Since inviting him and Mara to come to Xavier's Institute, Logan hadn't called him son. Not once. He didn't call him Victor either. After the first couple days on the road, after Mara recounted basically every little thing they'd ever done together, he started using something of a pet name: "Sabe." And he didn't use that often. Sabertooth didn't have the heart to tell him he'd done the same thing last time.

As they passed the elevator, he took a slight sniff and noticed Wolverine do the same. Mara was still in the basement levels. He smirked, wondering how much trouble she could get into in the Danger Room.

They made it all the way to the kitchen without speaking. They may be family, but they still had a lot of "issues" to work out. Sabertooth couldn't really remember, but he thought all of it started when his mother died. Like he told Xavier, he couldn't remember that far back, so he didn't really know, but all of their earliest fights had been about her in some way. After that things just got plain messy until they forgot exactly why they hated each other's guts.

Logan tossed him an apple. Those seemed to always be at hand around here. What was it with good guys and apples anyway? He took a deep bite and leaned against the counter. His father leaned against the table half way across the room. His father. He chuckled. He had been using that word more and more lately, despite the fact that they looked the same age and, relative to their lifespans, basically were.

"What?" Logan asked.

"Ah, nothing," Sabertooth told him. "Just thinking's all."

The man paused, looking like he was doing some heavy thinking himself. Sabertooth let him. Finally his father looked up.

"Are you all right here?" he asked. "I mean, Mara's just coming in like any other student, but you." He stopped and looked away. "You've been against the X-men in a lot of battles."

"You saying I shouldn't be here?" Sabertooth asked. He kept it from showing, but he was really worried at the prospect of getting kicked away again, just when he was beginning to let his guard down a little.

"That's not what I meant," Logan said so fast it dissolved any doubt. He sighed and continued slower. "Actually it's more like you're coming in like I did the second time, where they already know you and all."

"Second time?" Sabertooth asked.

Logan nodded. "Cyclopse and I got into it pretty bad. The others stopped us, chastised me because he was the one needing stitches, and I left. The second Scott was able to walk again he came and invited me back. But, just because he'd forgiven me, that didn't mean the others trusted me one bit. The whole place smelt like fear for months. I guess what I'm trying to say is I know what it feels like, and it feels like shit." He finished in a decisive tone, one Sabertooth hadn't heard since before Weapon X, and it made him smirk.

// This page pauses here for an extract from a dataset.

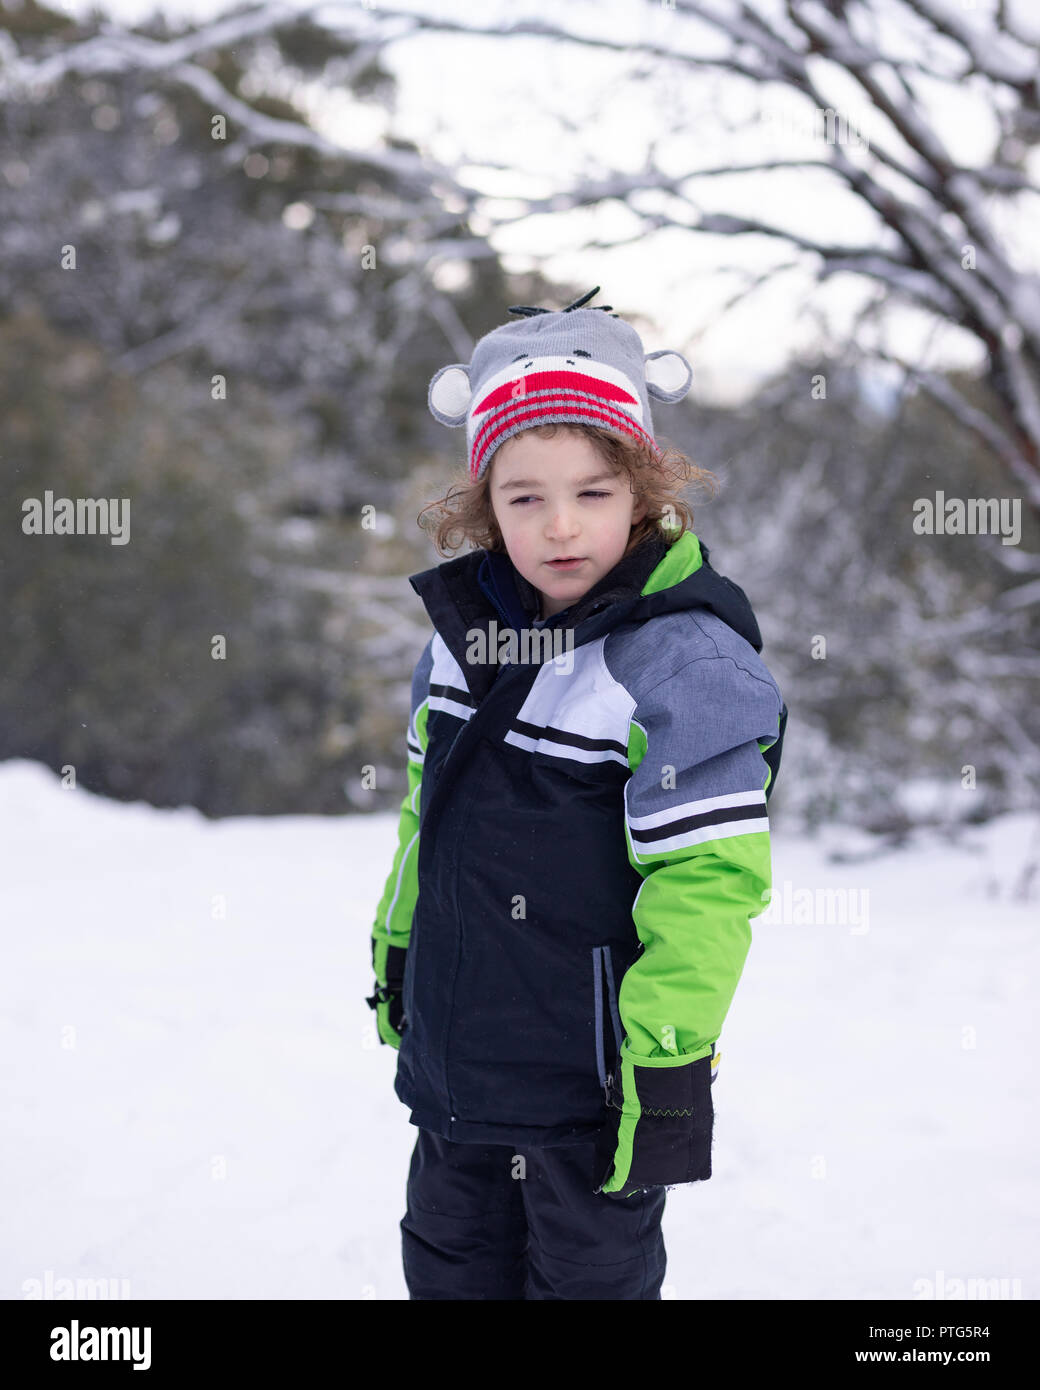 Retrato de un joven en la nieve con un cuestionamiento de la expresión en su rostro. Foto de stock

"I'm used to it," he said. "Heck, that's how the whole Brotherhood smelt the whole time I was with them."

Logan chuckled. "I guess that makes sense," he returned. "You ever feel like popping a guy just to give them something to worry about instead of worrying for nothing?"

"Actually I did," Sabertooth said, leaning back. "Never underestimate Toad. He's made of some pretty tough stuff."

This made his father laugh again. He liked that, liked the memories it brought back, reminded him that there were good times locked away in all those old memories.

"Got anything more holding than an apple?" he asked, tossing the rind into the garbage.